Ces images ne sont pas unicolores. Elles conservent la teinte des ciels selon l’indication desquels le poète les réalisa. C’est ainsi que les Images d’île de France ont la joliesse, la grâce joyeuse et reposante d’un pays que nulle altitude, nulle onde somptueuse et courroucée ne magnifient ni n’attristent. Une courtoisie mélancolique, toute racinienne, discourt à la princesse Aricie. Des saxes légers, un Lancret, des musiques puériles et douces qu’on dirait de Dalayrac ou de Monsigny (Poème xviiie , Francœur et La Ramé, la Petite Sylvia, l’Äme de Manon, Au meunier, Il était une bergère, le Miroir de Cydalise, etc.) évoquent la frêle inconscience des heureux d’un siècle que devait finir la Révolution. Une tabarinade impudente et prometteuse, des images légendaires : le Pont de Troyes et le Vieux Mendiant, une Affiche pour music-hall de couleur violente, et ces mélancolies hautaines : les Papillons du Temps, Alla Tzigane, le Souci, la Rencontre, la Destinée, forment une liasse chatoyante et rose qui bruit suavement.
Je lui préfère pourtant les Images du Rhin et Mosellanes, la perle du livre, à mon avis.
A. Van Bever
L’œuvre de M. Gustave Kahn est aujourd’hui fort diverse, et pour écarter tout ce qui n’appartient pas à son labeur de poète, il est encore difficile, sinon impossible, d’esquisser en lignes hâtives ce qui fait le caractère particulier de sa physionomie.

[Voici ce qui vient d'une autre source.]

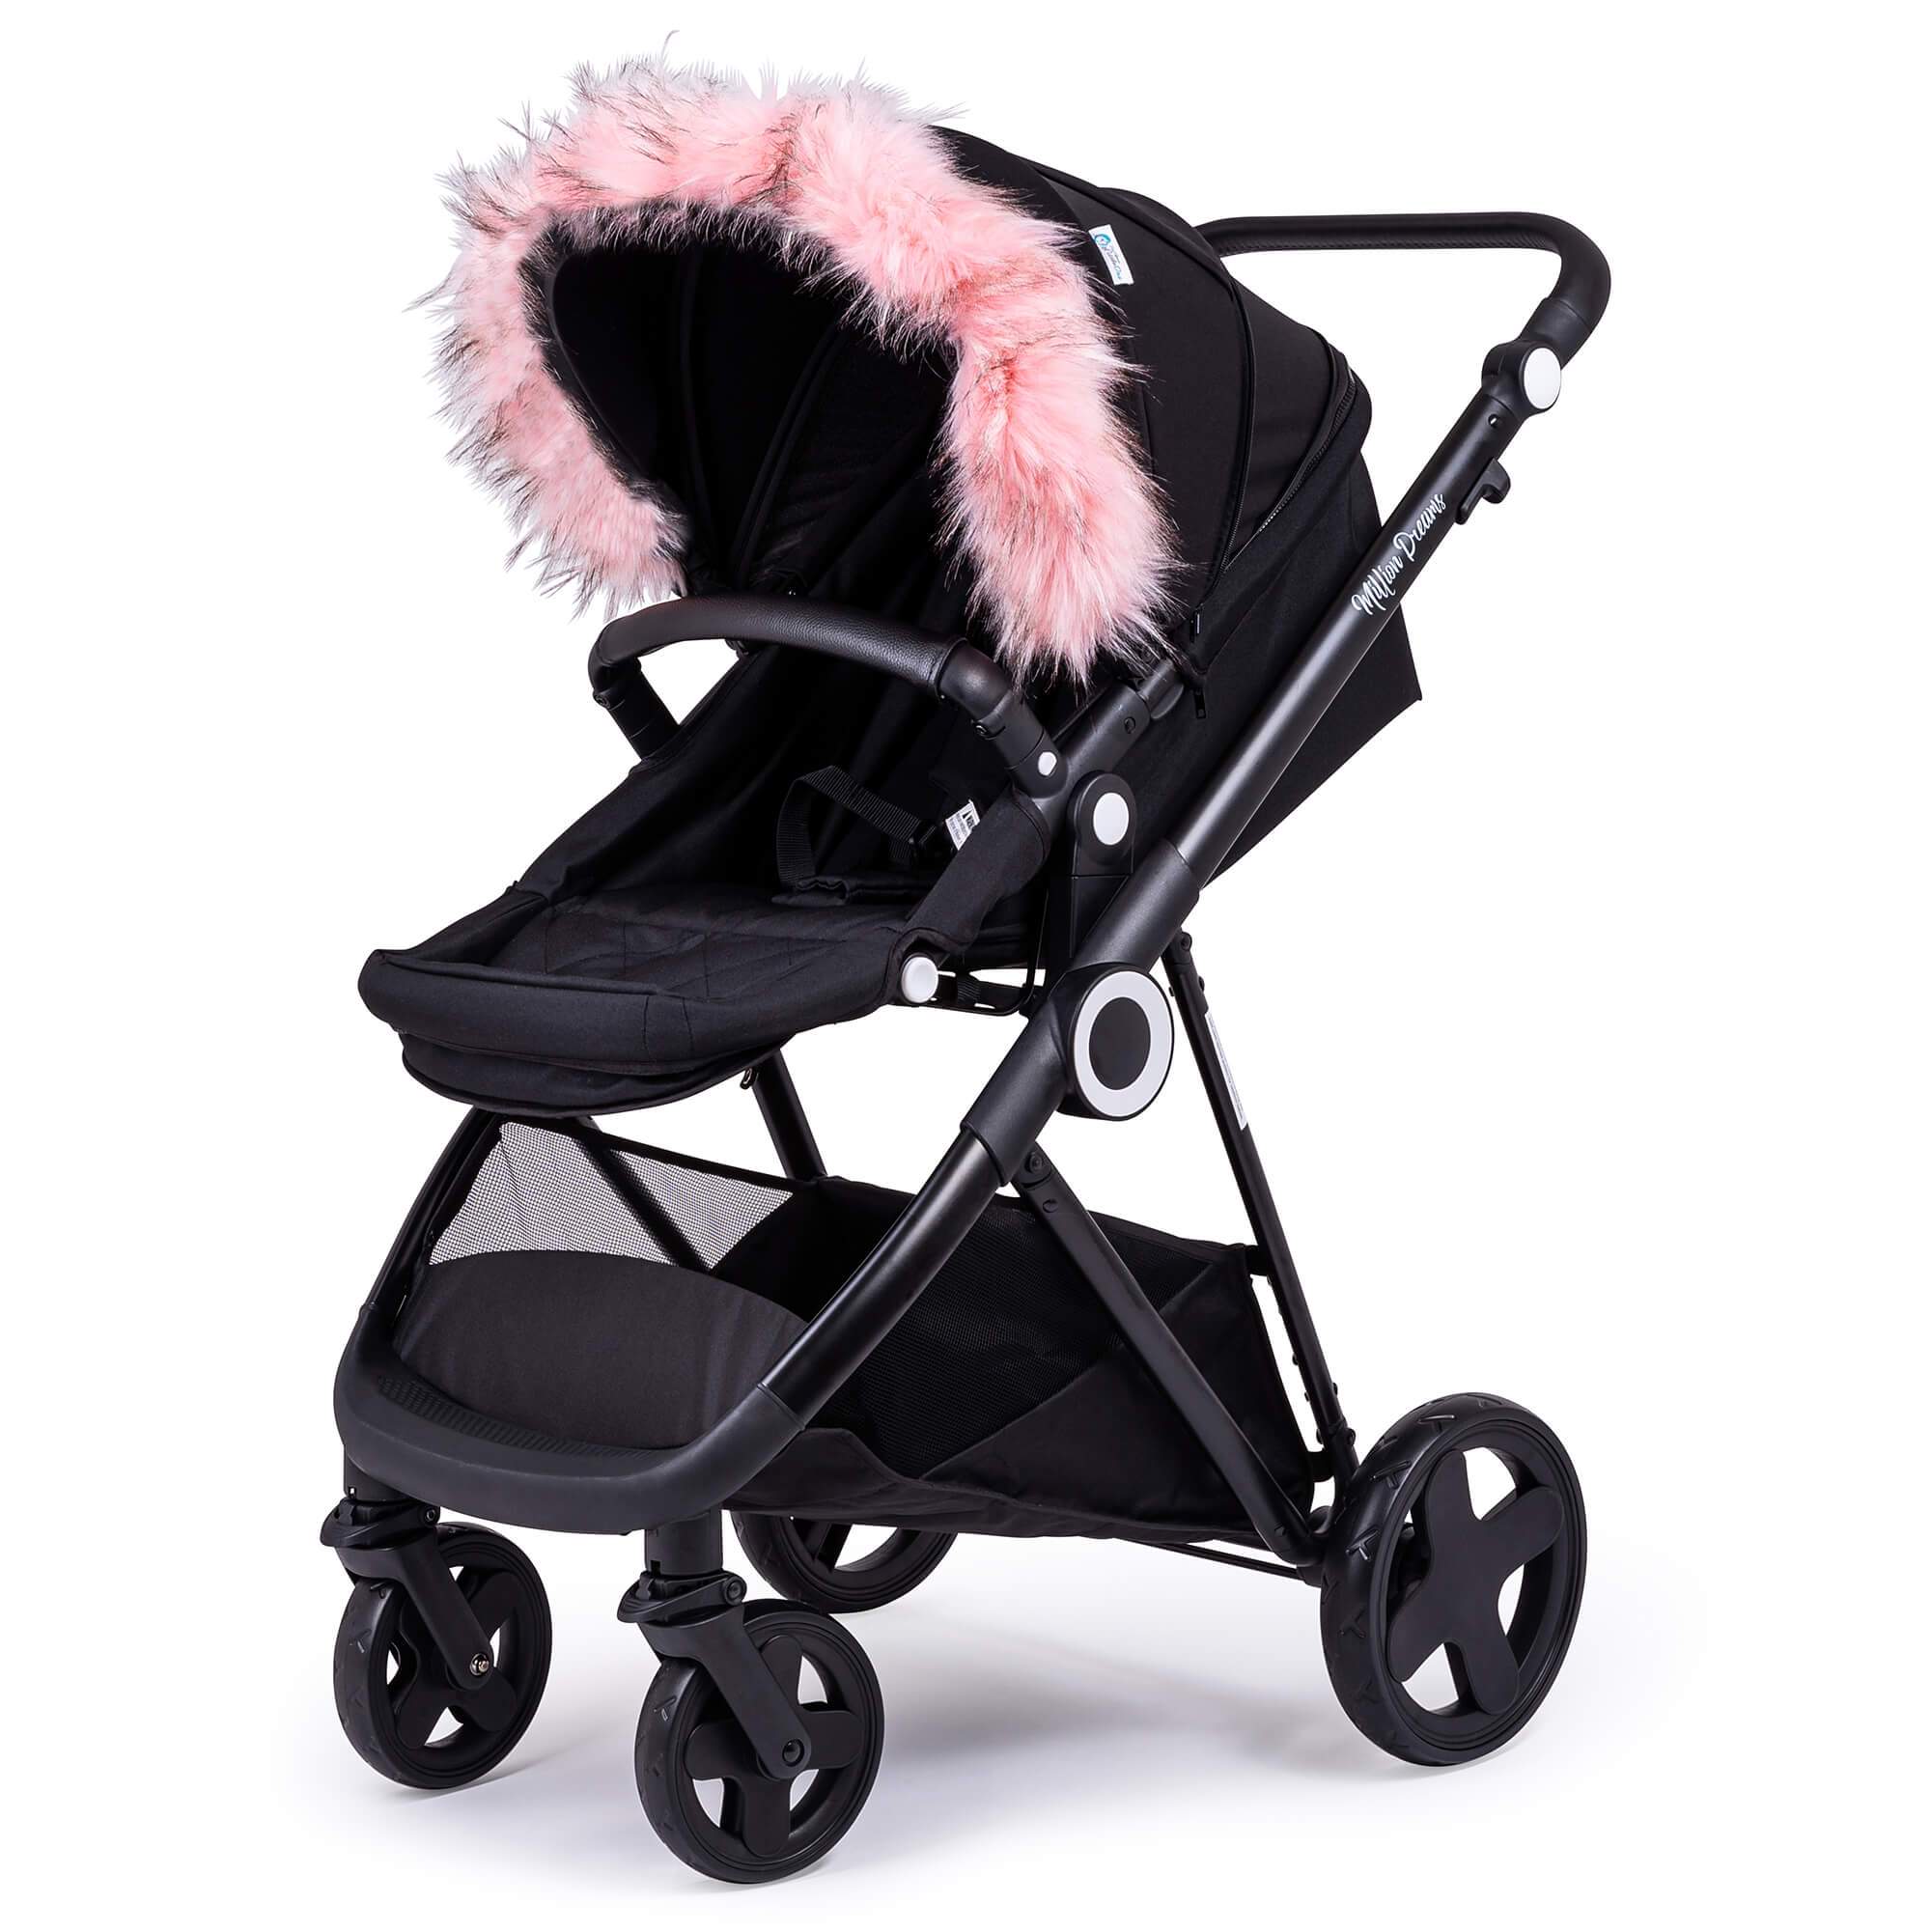 Pram Fur Hood Trim Attachment for Pushchair Compatible with Obaby - Light Pink / Fits All Models | For Your Little One

D’ailleurs, une page consacrée à des recueils tels que Chansons d’amant, Domaine de fée, la Pluie et le Beau Temps, le Livre d’images, ne nous dispenserait pas d’une étude sur le prosodiste, celui qui, après Jules Laforgue, tenta de régénérer, en faveur du vers libre, notre poétique si affaiblie aux mains des suprêmes parnassiens. Nous préférons clore cette déjà longue notice par quelques scrupuleuses indications bibliographiques, rappelant la collaboration de Gustave Kahn à la Jeune Belgique, au Décadent, à la Basoche, à la Gazette anecdotique, au Paris littéraire, à la Vie moderne, au Réveil de Gand, à la Société nouvelle, à la Revue encyclopédique, au Monde moderne, à la Revue de Paris, à la Nouvelle Revue, au Livre d’Art, à l’Épreuve, au Supplément du Pan, au Mercure de France, au Journal, à l’Événement, aux Droits de l’Homme, à la Presse, à l’Almanach des poètes (Mercure de France, 1896-1897), aux Hommes d’aujourd’hui, et à la Revue blanche où, indépendamment de différentes études consacrées à Rodenbach, Anatole France, Émile Zola, Arthur Rimbaud, etc., il signe depuis plusieurs années la chronique des poèmes.
Est-il utile, pour conclure, de rappeler que M. Gustave Kahn créa en 1897, avec Catulle Mendès, à l’Odéon, ensuite au théâtre Antoine et au théâtre Sarah-Bernhardt, des matinées de poètes où il tenta de faire connaître les écrivains de la génération ascendante ?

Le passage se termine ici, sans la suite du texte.